US Treasury yields rose on Tuesday to their highest levels in nearly a week after strong data reinforced the theme of a strengthening US economy and rising inflation. Yields on most maturities touched their highest levels of the day after the release of solid readings on the US housing market.
Data from the S&P CoreLogic Case-Shiller composite index showed US metro area home prices increased modestly in October, gaining slightly more than expected for the month-on-month readings. The Case-Shiller index was the latest in a number of solid reports on the US economy showing inflation may already be gaining steam.
"Home prices and the economy are both enjoying robust numbers," said David M. Blitzer, managing director and chairman of the index committee at S&P Dow Jones Indices.
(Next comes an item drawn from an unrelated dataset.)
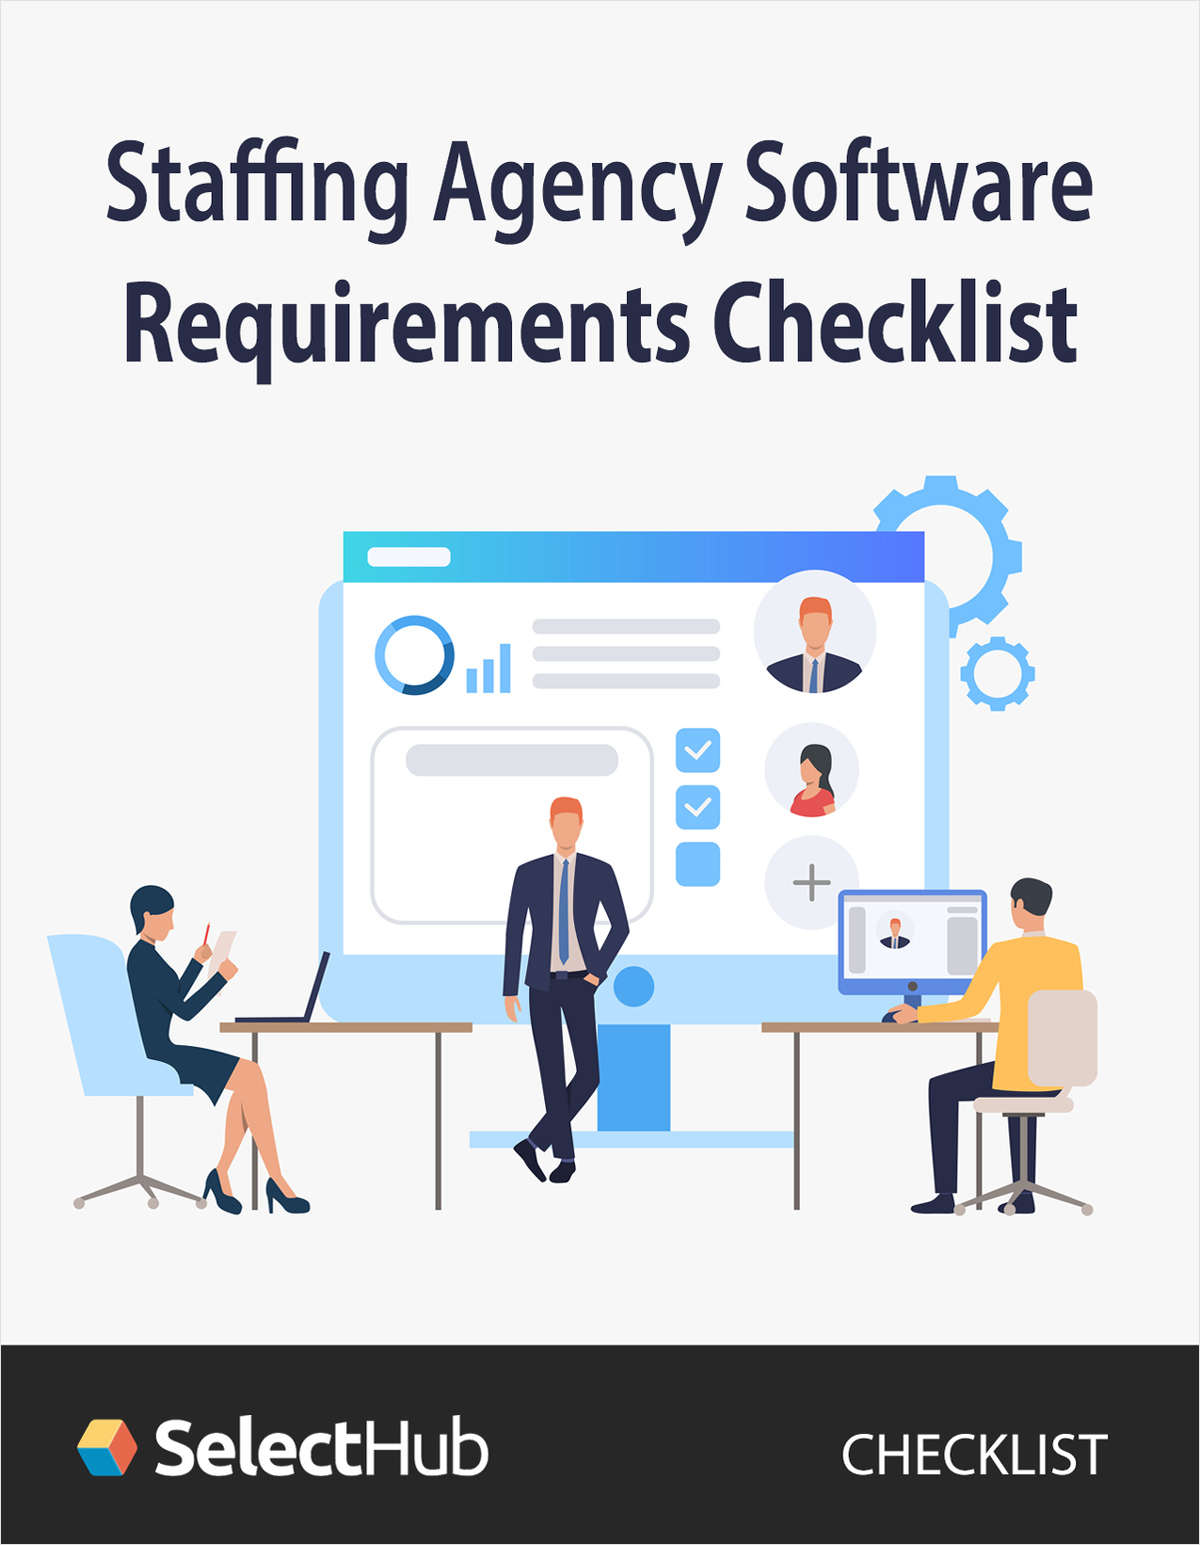 Staffing Agency Software Requirements Checklist

Benchmark 10-year Treasury notes fell 9/32 in price to yield 2.571 percent, while yields on the 30-year bond rose to 3.151 percent, the highest since December 21. Rising inflation lowers the value of already-held bonds, with Treasuries of longer-dated maturities generally being the most sensitive.
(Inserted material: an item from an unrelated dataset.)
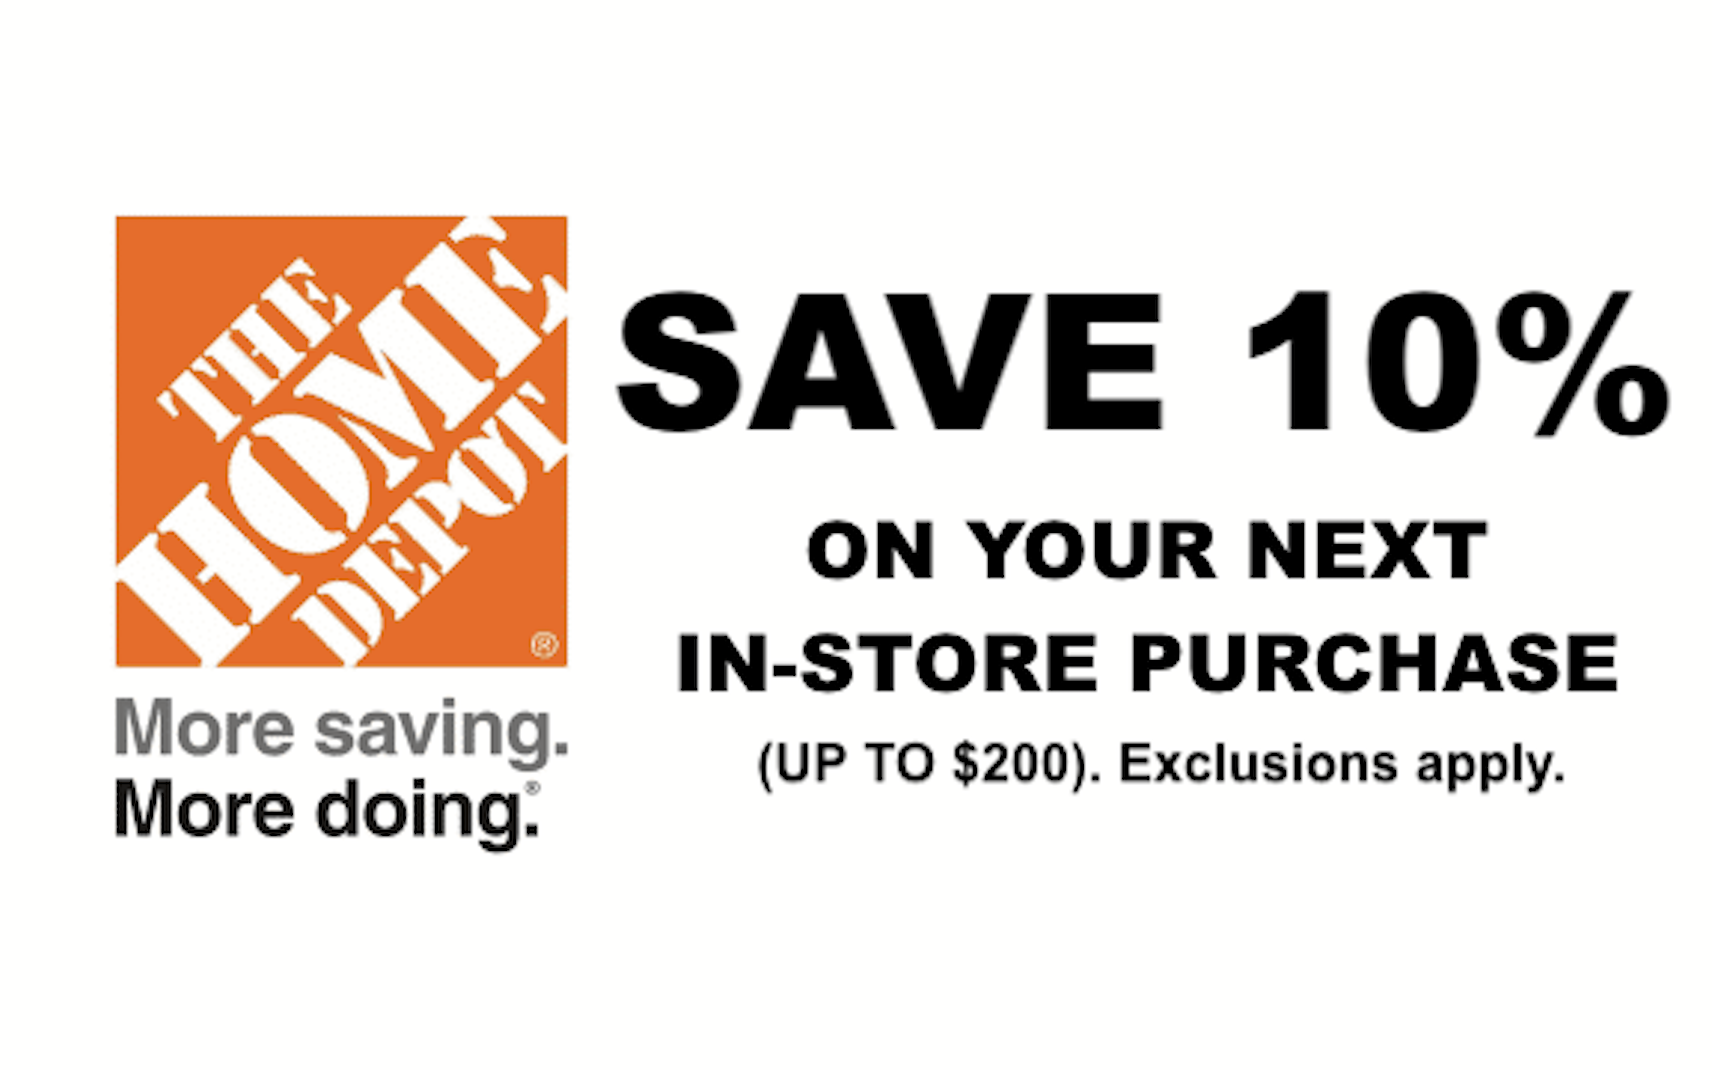 Home Depot 10% Off Printable Coupon Delivered Instantly to ...

Low-volume trading following the Christmas holiday that closed markets on Monday and ahead of the New Year holiday this weekend also exaggerated moves, analysts said. "The numbers were stronger than expected so that kind of puts you in a direction, and the thinness in this market probably puts you this far in that direction," said Lou Brien, market strategist at DRW Trading in Chicago. "It doesn't take much selling or buying to push it one way or another this week."
The market produced a limited reaction to US consumer confidence data, which rose to its highest level in 15 years this month as expectations for strength in job growth, business conditions and the stock market continued to build following the US presidential election. Shorter-dated US 2-year and 3-year note yields rose to their highest since December 20 and December 21, respectively, after light bidding for the government's auction of $26 billion in 2-year notes, which sold at a yield of 1.28 percent.